Once the plugin is installed, you'll need to perform the following steps:

  1. In the admin panel in the Authorship/Options section, generate a private/public key pair to be used for signing. Your private key needs to be encrypted with a password, so make sure to choose a strong one here during the key generation phase. This password is not stored anywhere on your install, so if you lose it you will no longer be able to sign your ZIP files, and will be forced to regenerate a new key (effectively making all other previously released ZIP files no longer valid).
  2. Juniper/Author communicates extensively with Github via their public-facing API, which is heavily rate-limited. To get around that, you need to create an access token to use in by your WordPress installation.
    • First, go to your Github page, and click your avatar in the corner. Choose "Settings", and navigate to the bottom to "Developer Settings"
    • Select "Personal Acccess Tokens", and then "Tokens (Classic)"
    • Click the dropdown to "Generate new token" and select "New Fine-grained personal access token"
    • Give your token a name just so you remember what it is, i.e. "Juniper Access Token"
    • Set the expiration to "No expiration"
    • Juniper/Author currently doesn't write to Github, so you can use the "Public Repositories (read-only)" setting for access
    • You don't need to add any other additional permissions, so click "Generate" when done
    • When you see your token, copy it and paste it into the Juniper/Author admin for the "Github Token" setting, and click Save
  3. Click the "Repositories" menu option under "Juniper" in the WordPress admin
  4. To import your repositories, click "Refresh" at the bottom. This process may take a little while, so don't worry too much if it takes up to 30 seconds or so
  5. Once done, you should see a list of all your repositories where Juniper/Author detected a valid WordPress plugin.
  6. To submit these plugins to the currently active Juniper/Server install at notwp.org, click Submit To Mirror. This will queue your site for additional the public mirror.

Code Signing

To facilitate code-signing, two things are required. The first is to use your private key and sign each of your release ZIP files. This can be accomplished via the WordPress admin via the Juniper side menu, under Repositories. From here you can enter your private key password and click the "Sign" button, which will iterate through all your ZIP files and sign them locally. At this point, all signed ZIP files will be served from your Juniper/Author install. Regular ZIP files can still be downloaded and processed as per normal, which means regular updates like Github Updater and Repo Man will still continue to work fine. The signed ZIP files will be used at a later stage when Juniper/Berry is completed.

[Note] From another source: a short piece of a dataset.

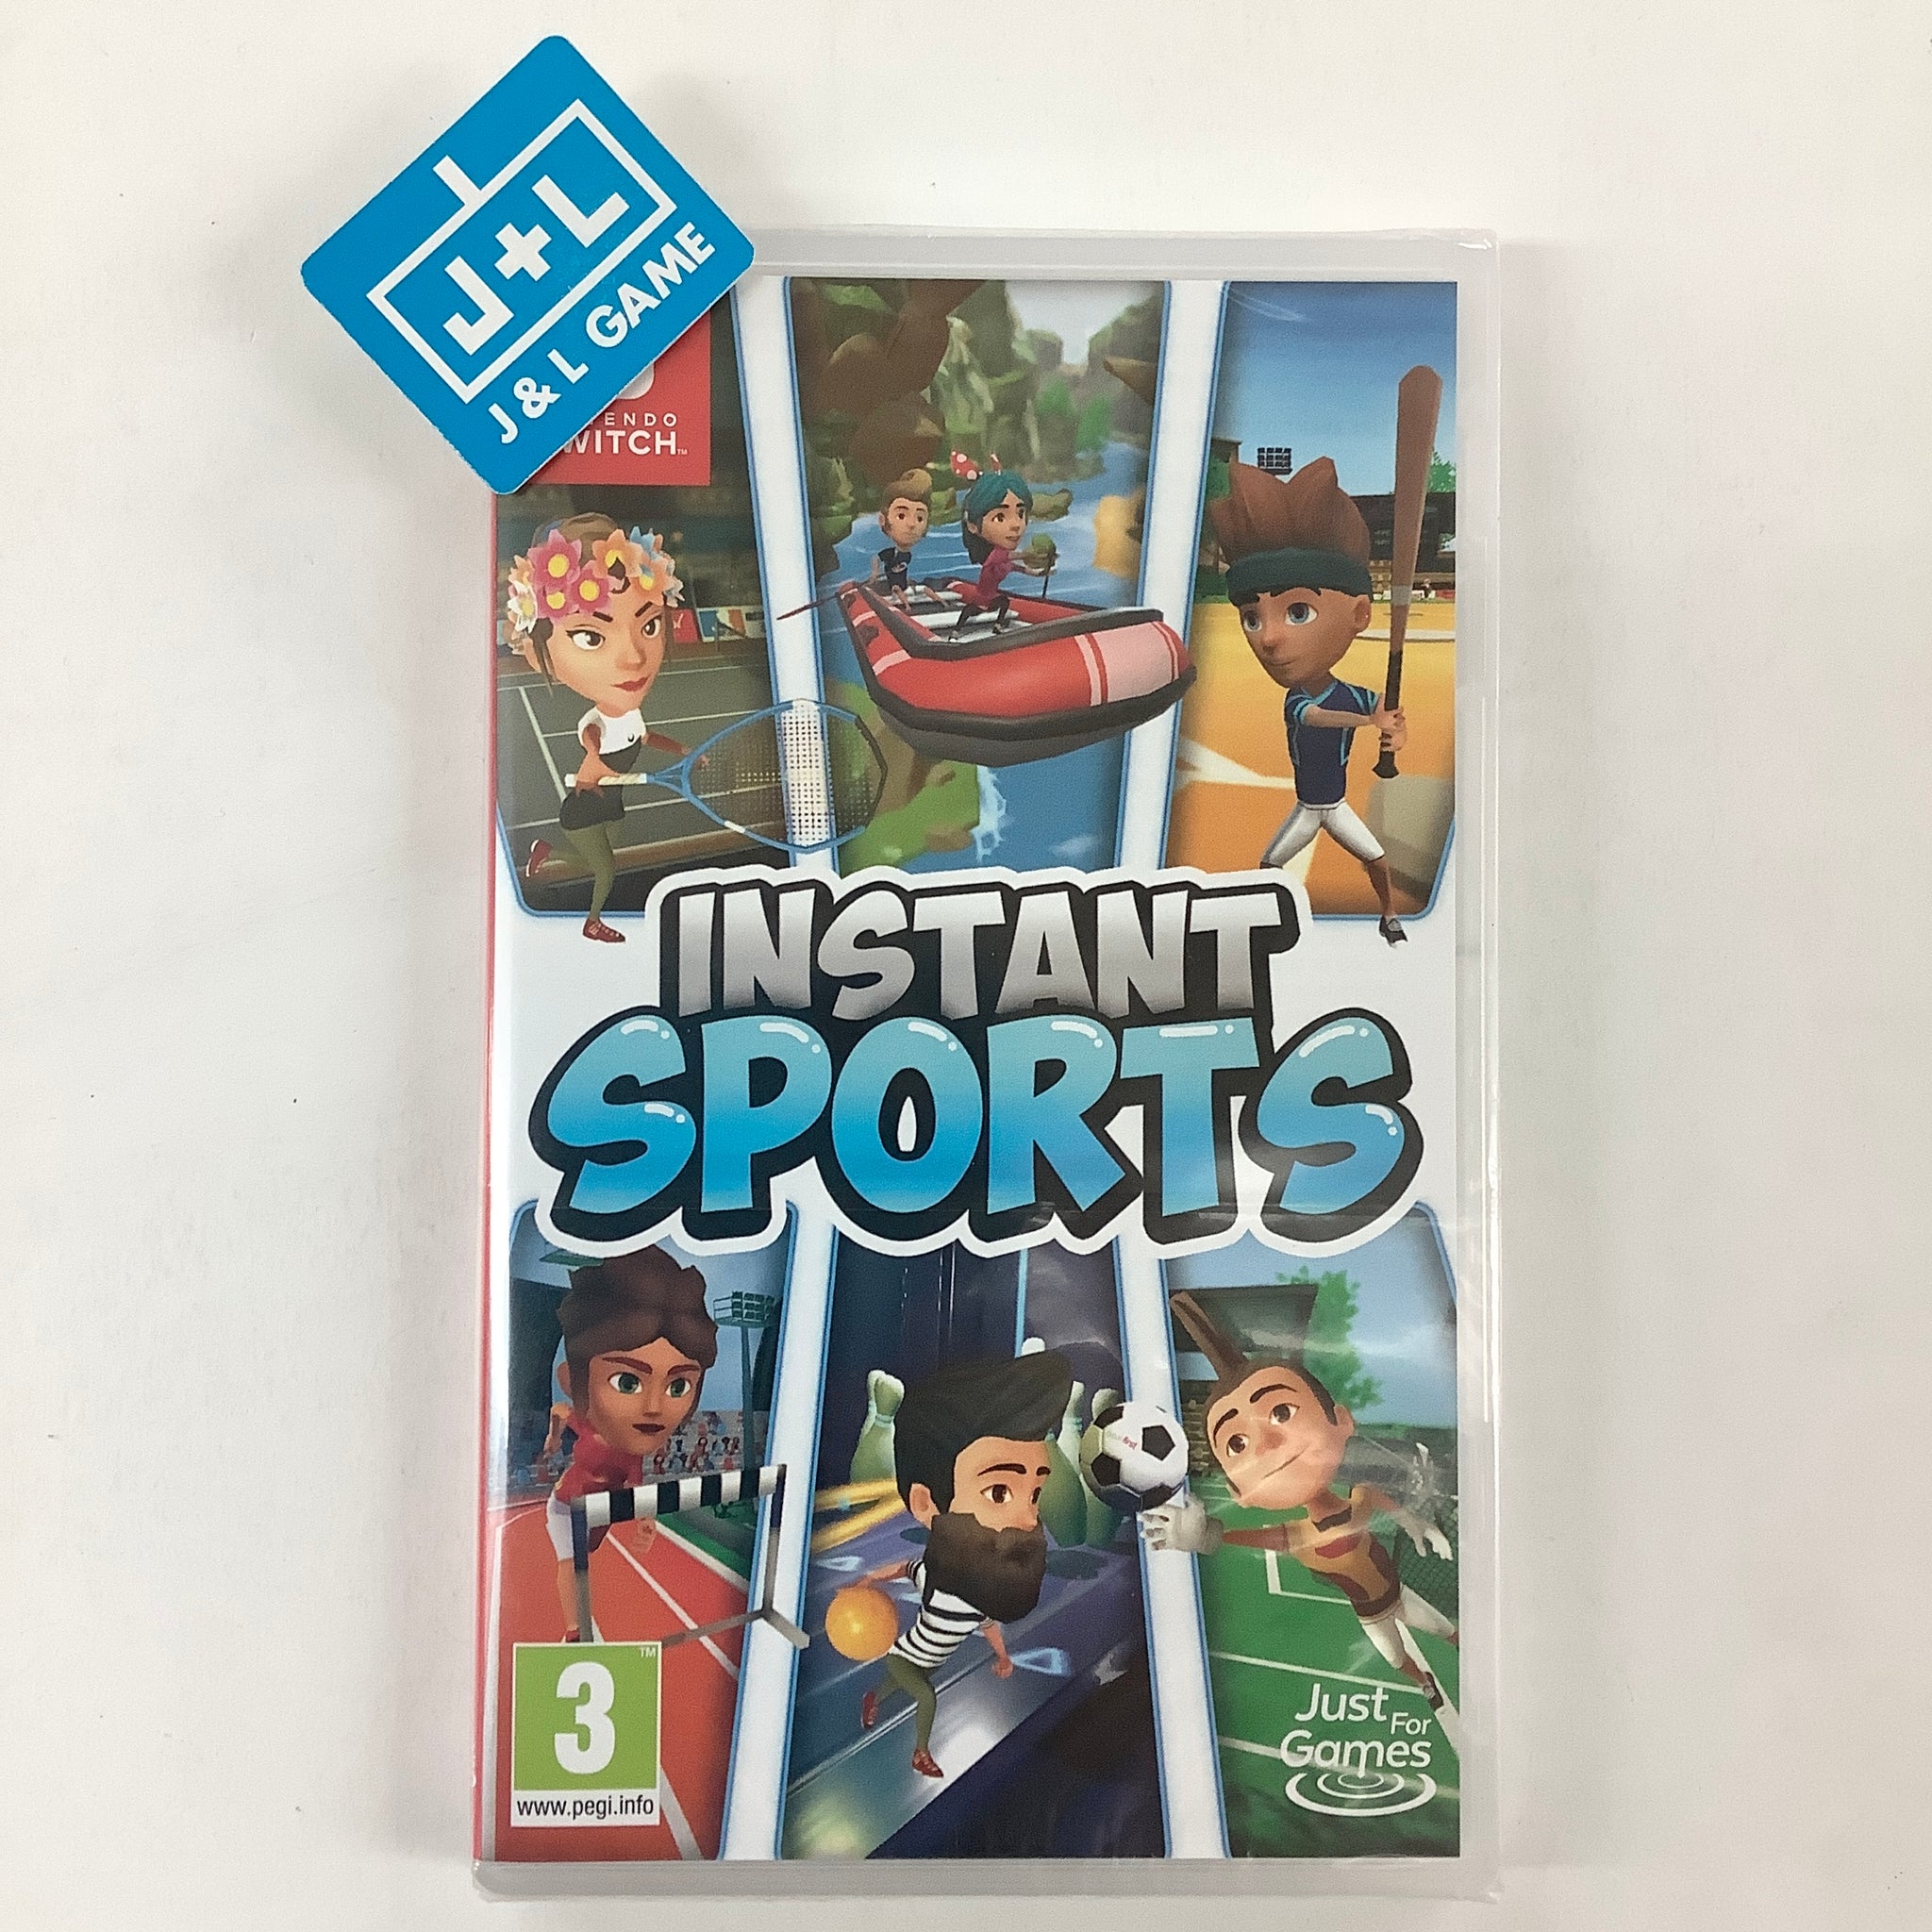 Instant Sports - (NSW) Nintendo Switch (European Import) Video Games Just For Games

Second, you need to add a particular header onto your main plugin file, "Authority". An example is below:

Stable: 1.0.2
Authority: https://plugins.duanestorey.com

The website listed for the Authority needs to be the website where Juniper/Author is installed, and it must be for a repository under control in the "Repositories" menu in Juniper.

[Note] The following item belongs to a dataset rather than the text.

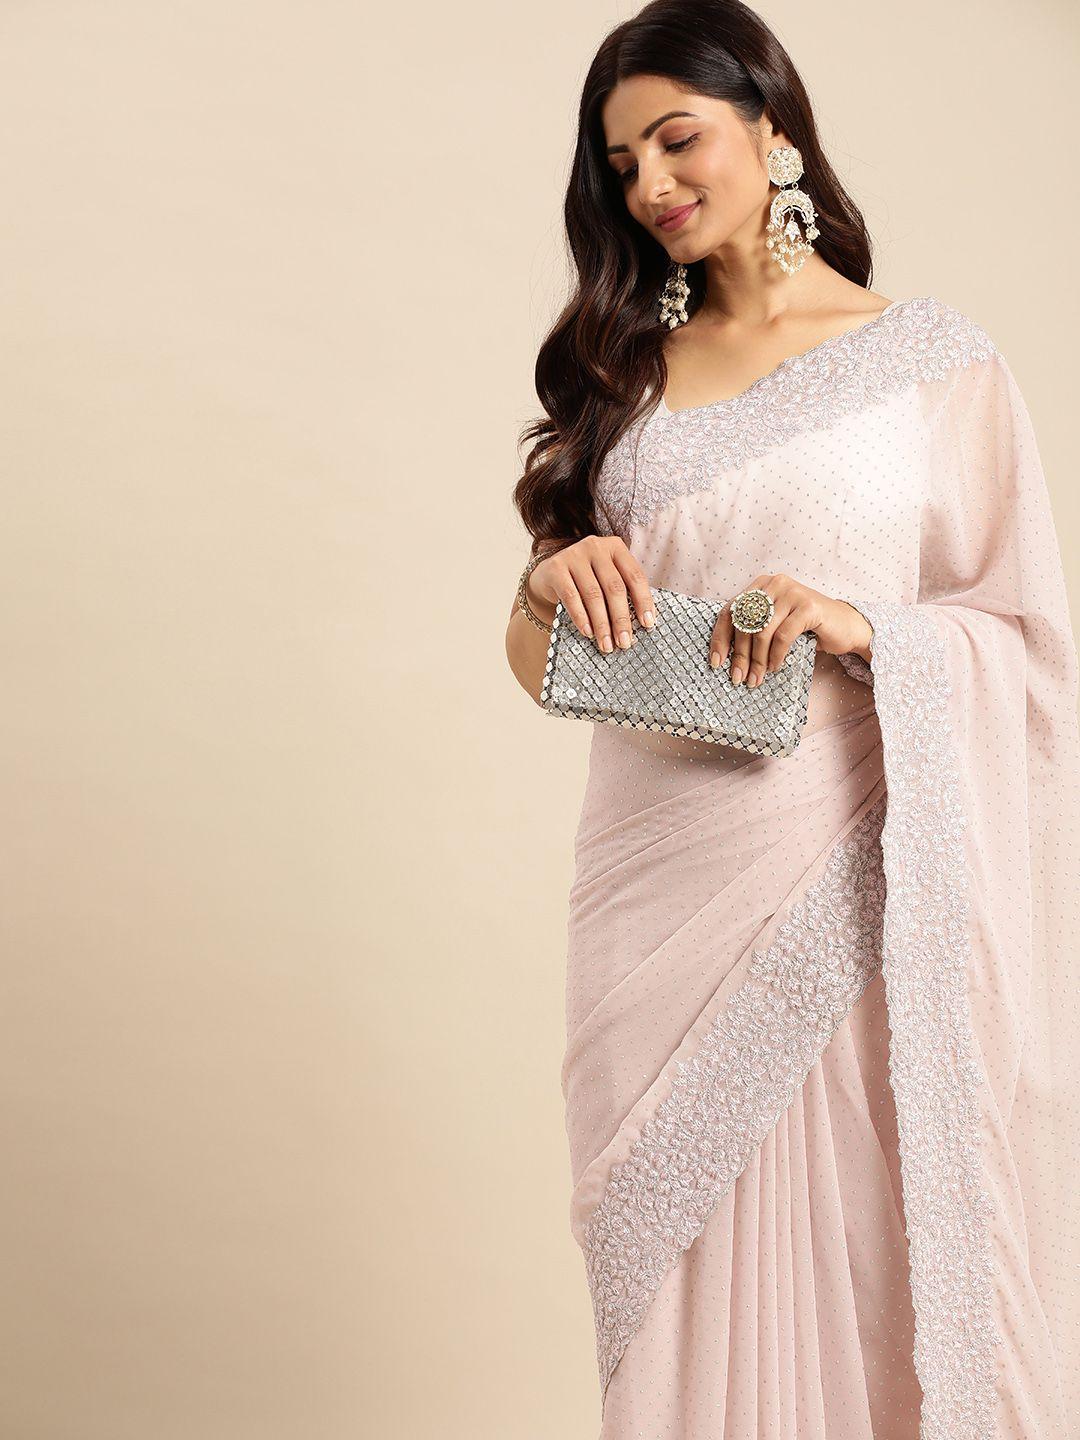 kasee embellished beads and stones saree

Once the plugin is installed on a WordPress website, Juniper/Berry (when it's complete) will use the Authority information in the plugin header to determine where to retrieve the public key for future ZIP files for each release. Once it retrieves it, it will be used to verify that the ZIP file came from that Juniper/Author installation via that website, and also that the original hash/integrity of the ZIP file is maintained. If someone where to tamper with the ZIP file, or sign it with a different private key, both situations would fail the integrity check, and the new plugin would not be installed.

Early Alpha

This is a very early version, with several missing features. That said, it's at the point where it needs a few alpha/beta testers. So if you have a public-facing (not local) website that you want to use as your main server for your Github plugins, then please install Juniper/Author and provide some feedback via Github Issues. Currently Juniper/Author doesn't facilitate upgrades or the consumption of signed ZIP files, but this will be coming soon.

The following is a list of the most recent releases for this plugin.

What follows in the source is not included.